How Technology impacts our culture


How Technology impacts our culture
Technology has a deep impact on culture and makes us reimagine the way in which human beings organise themselves and interact with each other.
A mobile phone, for instance, has helped reorder space and time, helped individuals get a unique address in life and softened the notions of hierarchy, for its now possible to reach anyone directly without any intermediate screening.
The cascading effects of mobile phones are far reaching and they well go beyond the functional advantages they offer by way of better communication.
They are not merely life-altering devices for individuals but change the nature of society in deep, albeit subtle ways.
The impact of internet is perhaps even more profound, for it helps redefine the very idea of power by giving everyone a voice; the internet is nothing more than a slightly organised babble of individual voices.
The internet allows us to communicate directly with each other, it dismantles the barriers built around informs and knowledge, and disables the very idea of scale.

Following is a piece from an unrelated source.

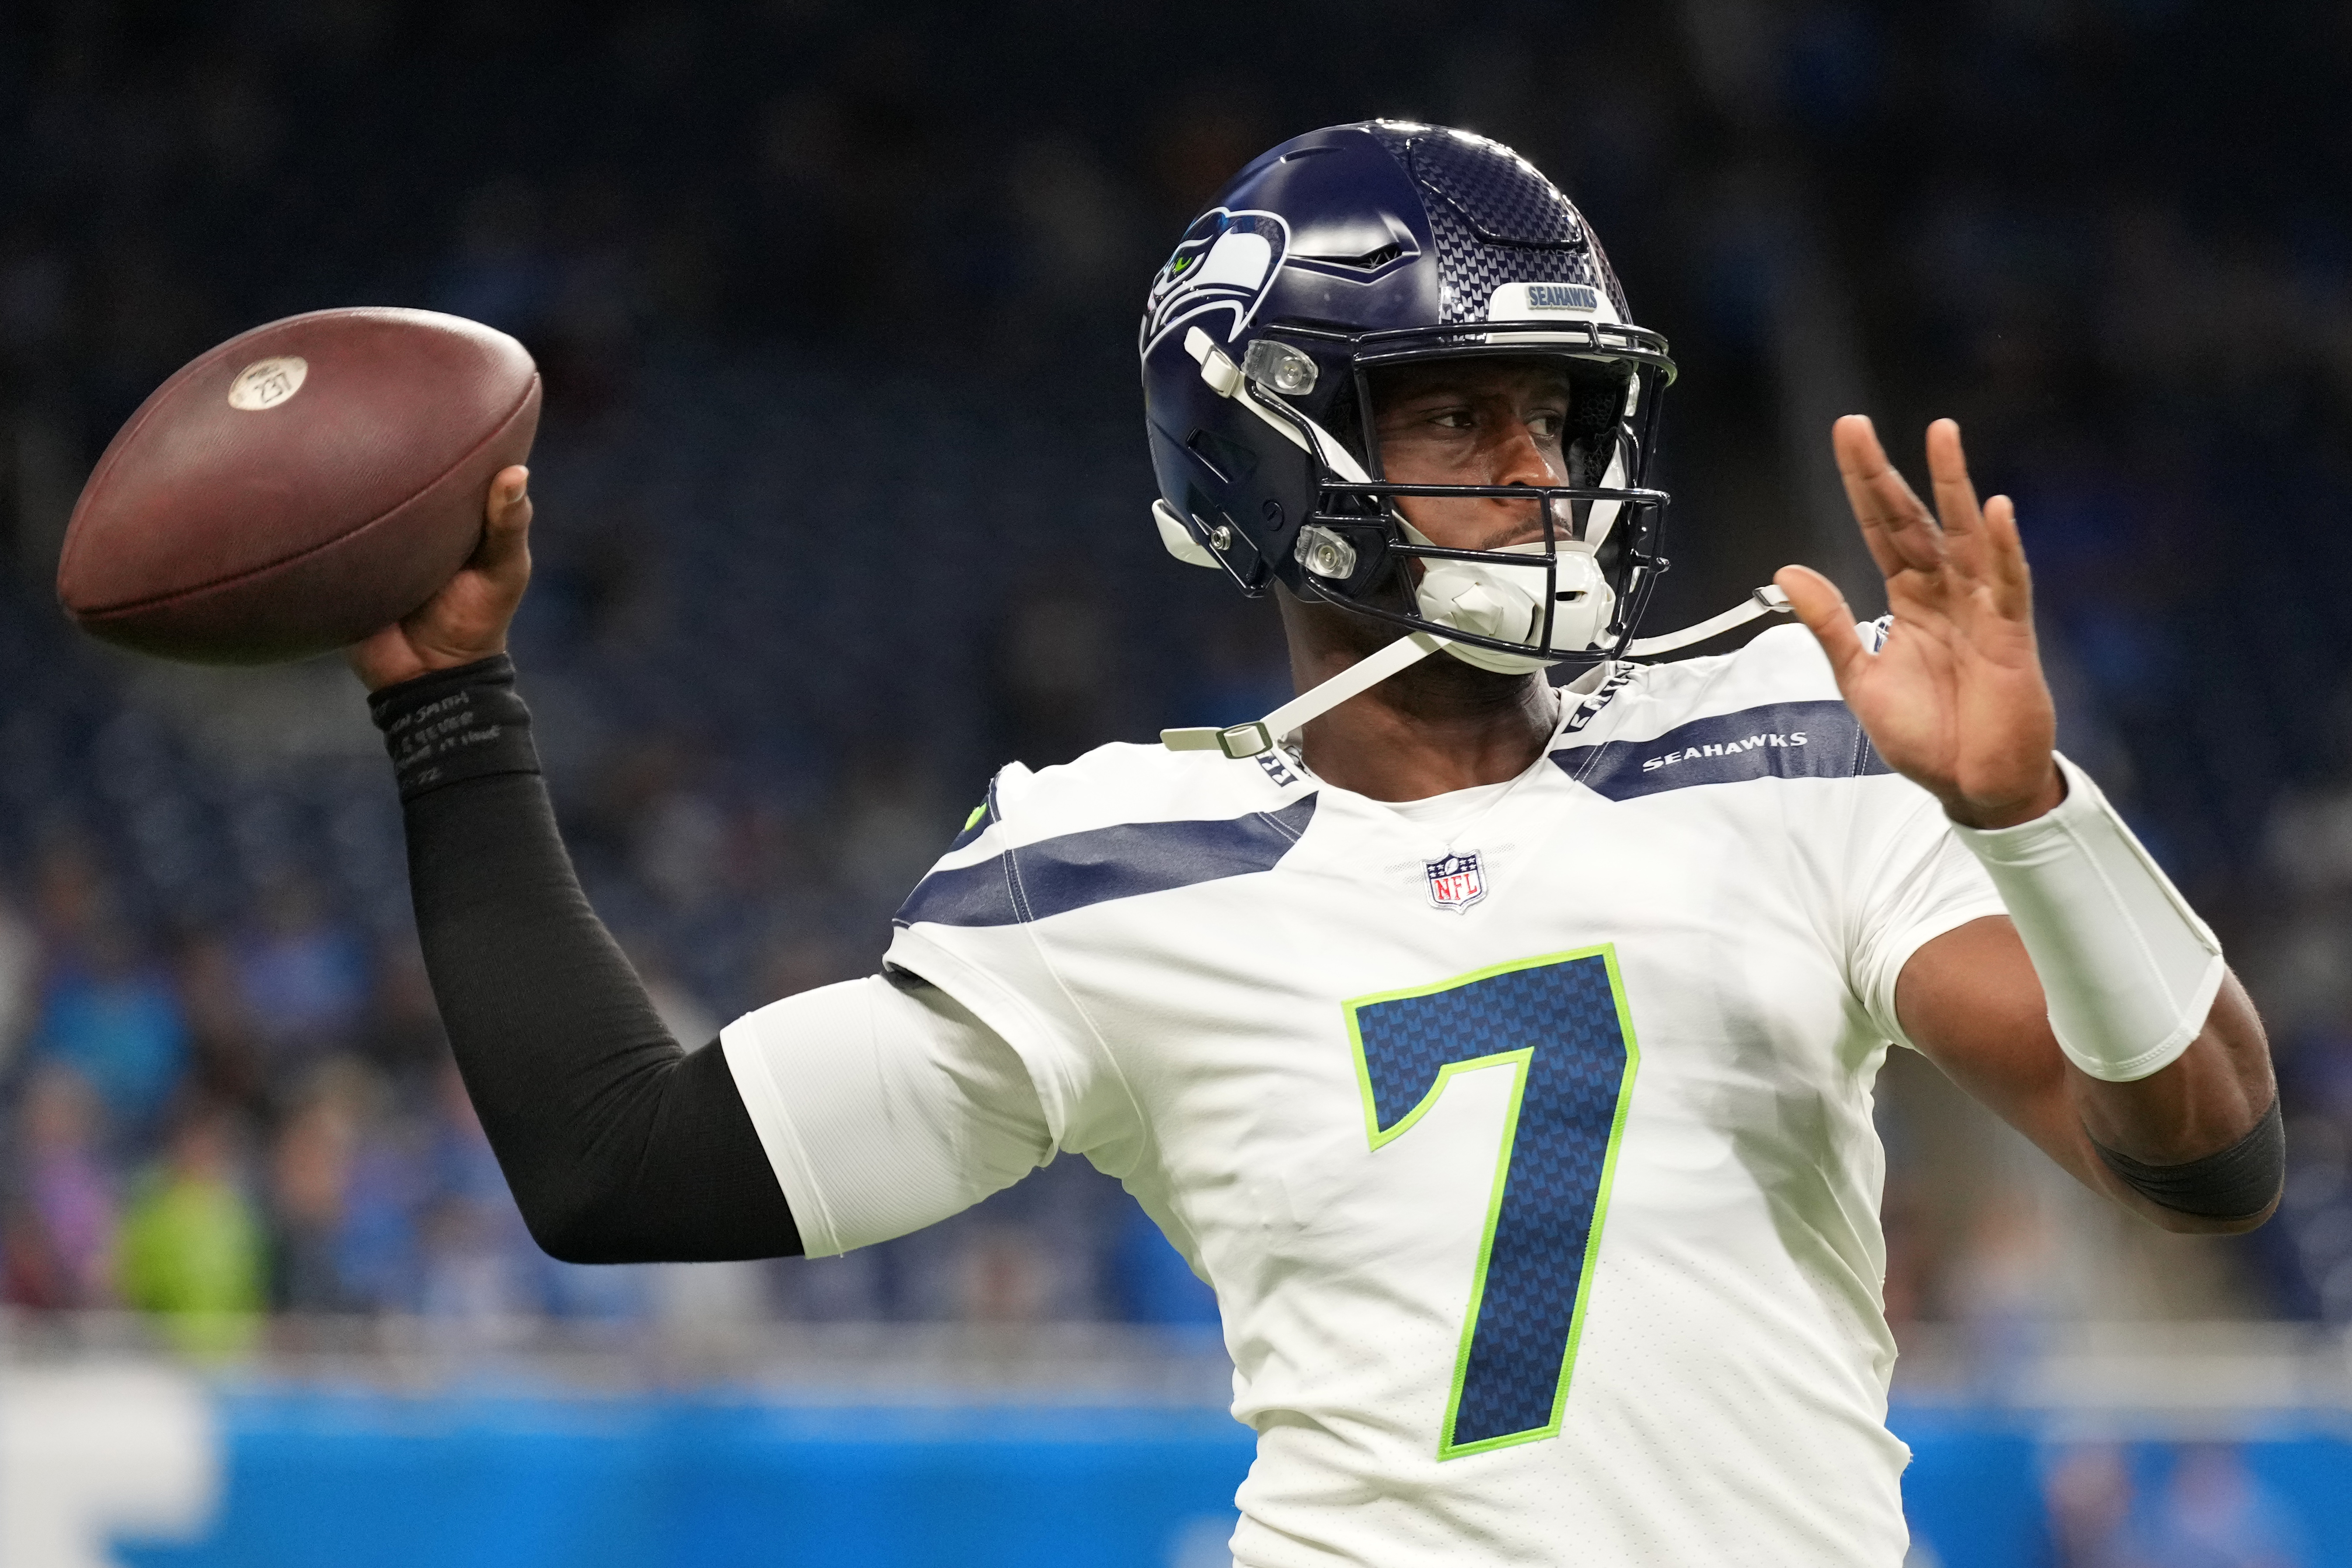 Geno Smith #7 of the Seattle Seahawks warms up before the game against the Detroit Lions at Ford Field on October 02, 2022 in Detroit, Michigan.

And yet, because of continuous nature of innovation, we think of technology as a natural process, increasingly aligned with the idea of civilisation. By and large, we don’t think of social change caused by technology as a rupture, but as a form of progression, or in some cases, even as a regression.
For most parts, technology takes us forward into future, evoking an occasional nostalgia about the good old days when life was simpler. In most cases, the social changes caused by technology is seen as being inevitable and its impact is often underplayed. Because culture changes slowly in response to technology, we get time to absorb the technology and make them appear natural.
The structural impact of technology is often deeper than its functional footprint; it is much easier to acknowledge the advantages of a mobile phone( speaking to anyone anytime anywhere) and its disadvantages ( eats up personal time) than to recognise how it shapes ideas of identity, hierarchy and the sense of being an individual.
It is when we focus on things not invented that we can see the relationship between technology and culture more clearly. Technology produces certitude when it should also simultaneously multiply doubt. Cultures are constructed around an understanding of human capability which technology enhances And modifies. If we could, for instance, read each other’s  minds, several founding assumptions of civilisation will get dismantled, for what we call culture is an edifice built on technology called the human body.
As this technology acquires new abilities, culture needs to change. The faster, more discontinuous and fundamental the nature of change, greater is the need for culture to find ways to fill this gap. The ability of culture to change shape and reach a new equilibrium is neither inevitable nor absolute. The urge to believe in stable and continuous world makes us minimise the effects of technological change but we can’t do that forever.